3. Preparar de muy baja conductividad medios de comunicación:

  1. De baja conductividad, los medios de comunicación se prepara mezclando 8,5% de sacarosa + 0,3% de glucosa (w / v) en agua desionizada (DI) 1.
    Nota:. Hemos demostrado previamente que las células pueden ser cultivadas durante varios días en los medios de comunicación convencionales de cultivo de células después de ser expuesto a la baja conductividad por periodos cortos (de aproximadamente 30 min) 11

4. Montar canales de microfluidos sobre electrodos PCB:

  1. Coloque una pequeña cantidad (aproximadamente 10 l) de aceite mineral en el PCB para asegurar un contacto estrecho entre el PCB y el cubreobjetos.
    Nota: Un paso opcional para la disminución de la visualización del electrodo consiste en recubrir la superficie de la PCB con una capa muy delgada de marcador negro permanente o pintura.
  2. Coloque el montaje del canal de microfluidos cubreobjetos, en el PCB engrasada, con el contacto cubreobjetos formando con el aceite (cubreobjetos hacia abajo). Presione suavemente el cubreobjetos-montaje de microfluidos hacia abajo para asegurar un buen contacto y para minimizar las burbujas de aire que pueden ser nocivas para la célula y la visualización de cuentas. Un ejemplo del dispositivo completo se muestra en la Figura 1D.

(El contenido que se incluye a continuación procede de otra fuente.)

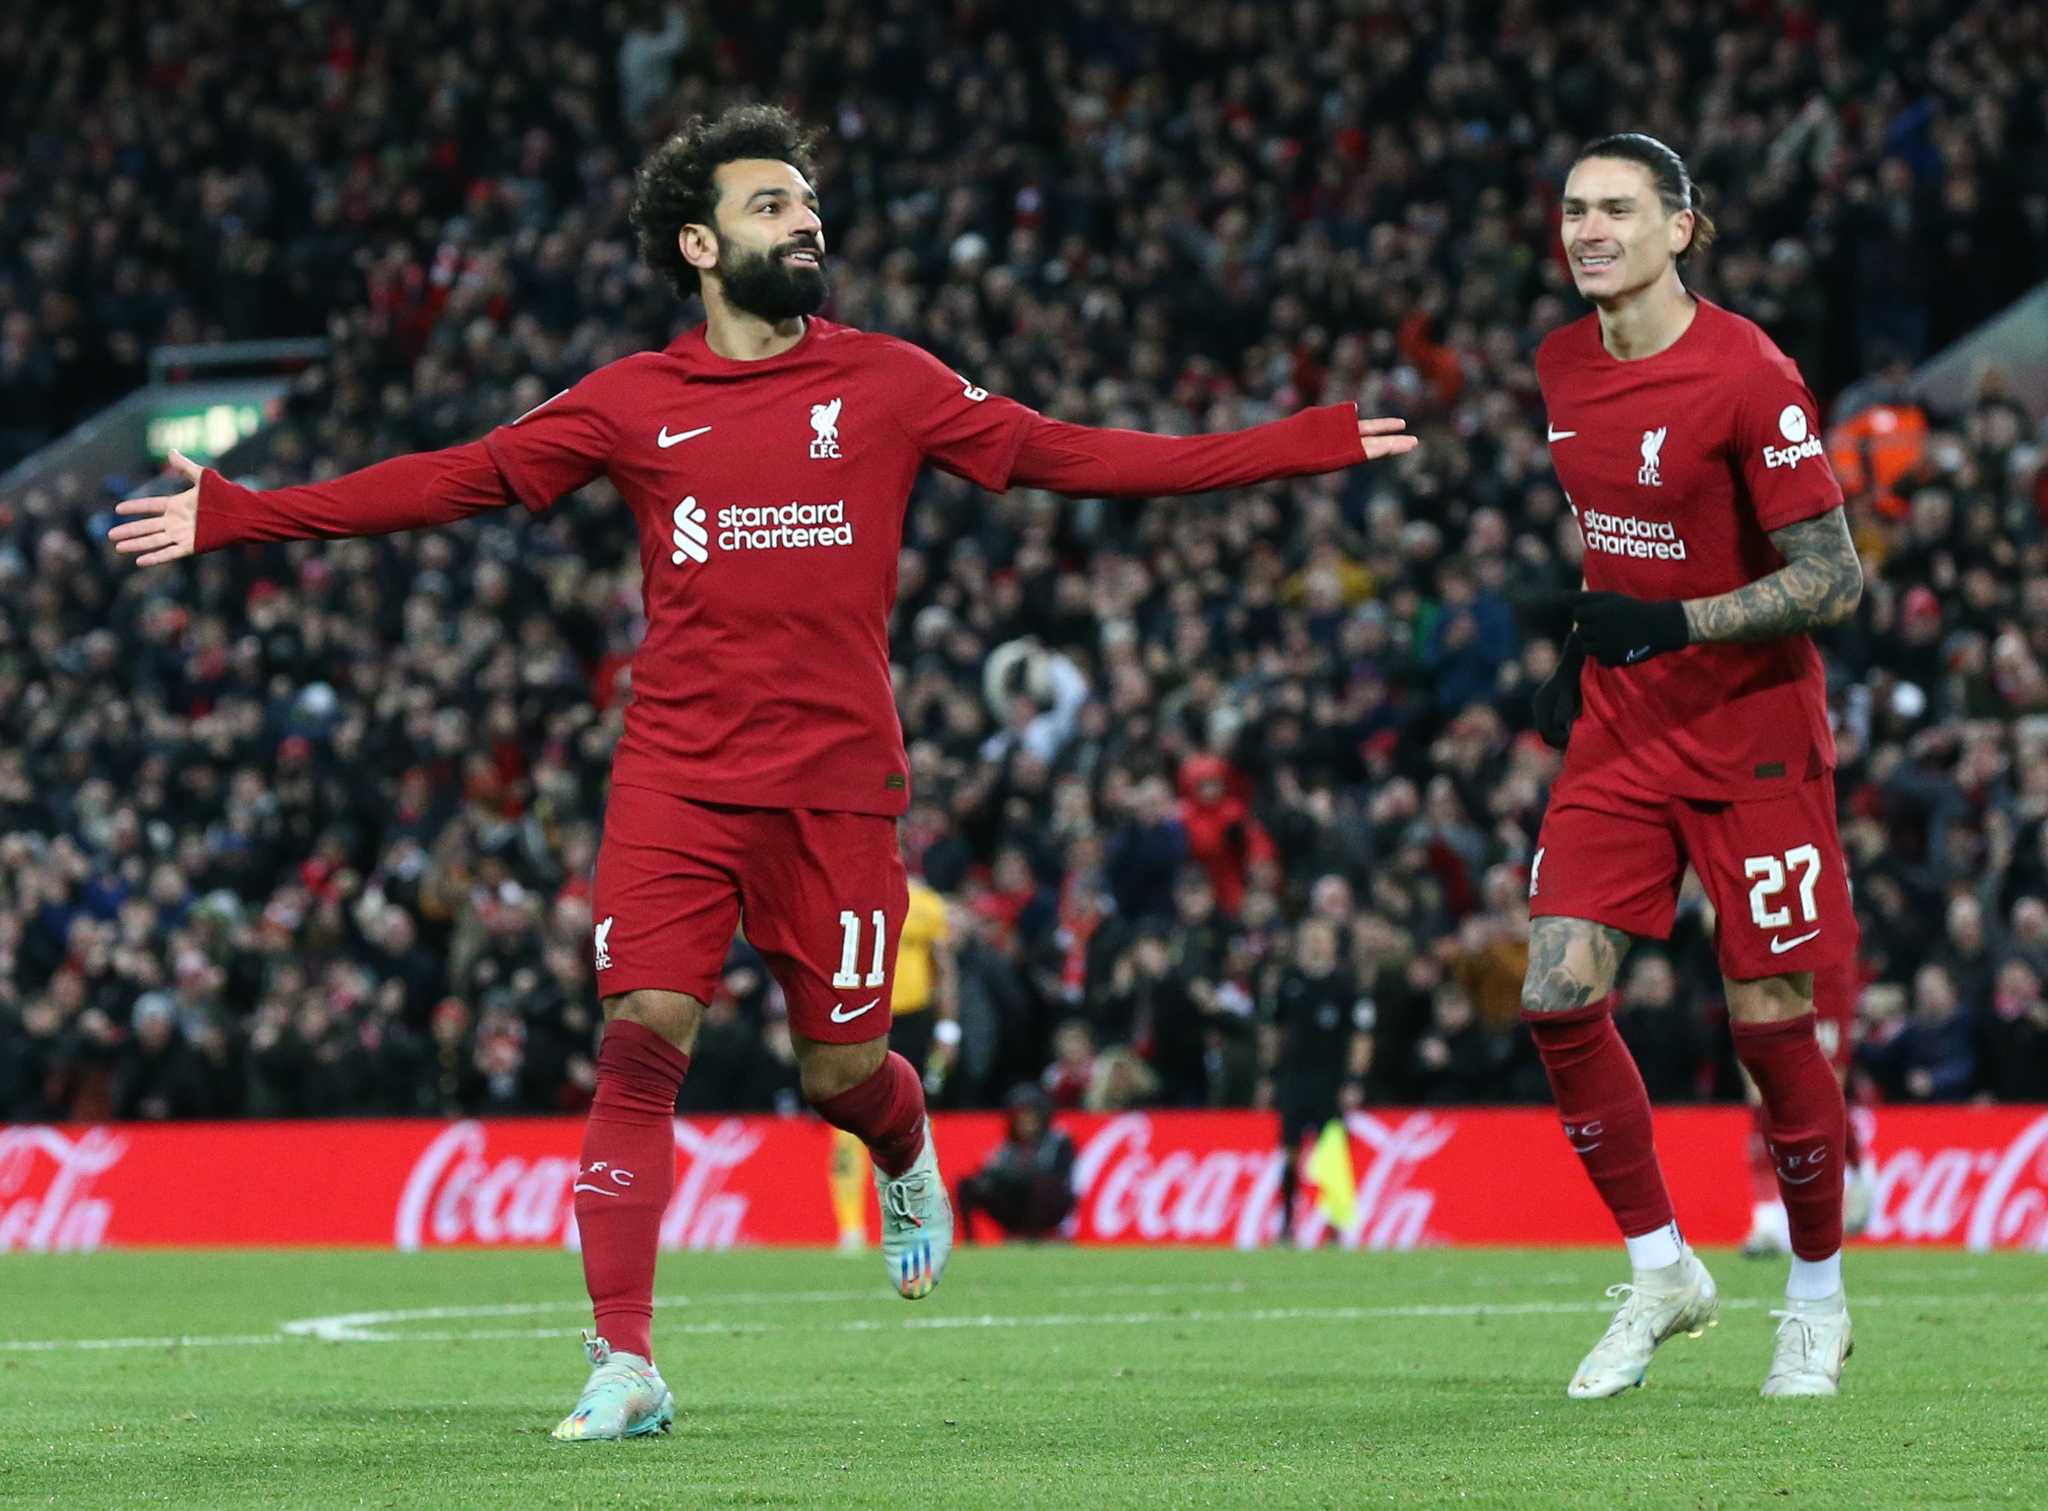 Mohamed Salah celebrates scoring

5. Ordenar y concentrado de Cuentas y las células con DEP:

  1. Llenan los canales de microfluidos con agua destilada o de los medios de comunicación de baja conductividad, el proceso de unión de plasma facilita la carga fácil de las soluciones acuosas en los canales de microfluidos con carácter temporal, haciendo que la superficie PDMS normalmente hidrofóbicas hidrofílicos.
  2. Introducir las células y / o cuentas de poliestireno en el depósito del canal (fig. 1C). Aquí se utiliza el adenocarcinoma de colon humano (HT-29) las células.
  3. Conecte la salida de un generador de funciones a la entrada de un amplificador de corriente, conectar la salida del amplificador a los cables de los electrodos. Cubrir todos los cables eléctricos y las superficies de la instalación con cinta aislante para proteger a los usuarios de la exposición potencial a los golpes. Un diagrama esquemático de la instalación del equipo se muestra en la Figura 1.
  4. Ajuste el generador de funciones para producir una salida de onda sinusoidal de 1.0 a 1.5 MHz. La amplitud de la salida debe ser ajustado por el amplificador de potencia RF para producir una potencia de 80-100V a la PCB. El amplificador de potencia RF en este trabajo requiere una tensión de entrada alrededor de 220 a 330 mV. Para separar las células y los granos, la tasa de flujo laminar debe ser compatible con la fuerza de DEP para mover las células y los granos en el canal principal (ancho w = 100 m, la altura h = 27 m) en los canales de destino (ancho w = 100 m , la altura h = 27 mm).
    Atención: consultar con el fabricante de PCB para determinar el mvoltajes MÁXIMO operativo para evitar problemas como el sobrecalentamiento de PCB o de fusión. Revise las especificaciones del fabricante del equipo para el generador de funciones y los fabricantes de amplificadores de potencia para determinar los ajustes de operación seguras.
  5. DEP iniciar a las células de tipo y los granos. Las células de una experiencia positiva-DEP, mientras que bolas de poliestireno experiencia negativa-DEP en un campo eléctrico no uniforme dentro de las frecuencias especificadas. Esto permite que el DEP-fuerza activa bioactuation y la separación de las células y otras partículas dentro de los dispositivos de microfluidos con PCB accesibles y reutilizables como electrodos.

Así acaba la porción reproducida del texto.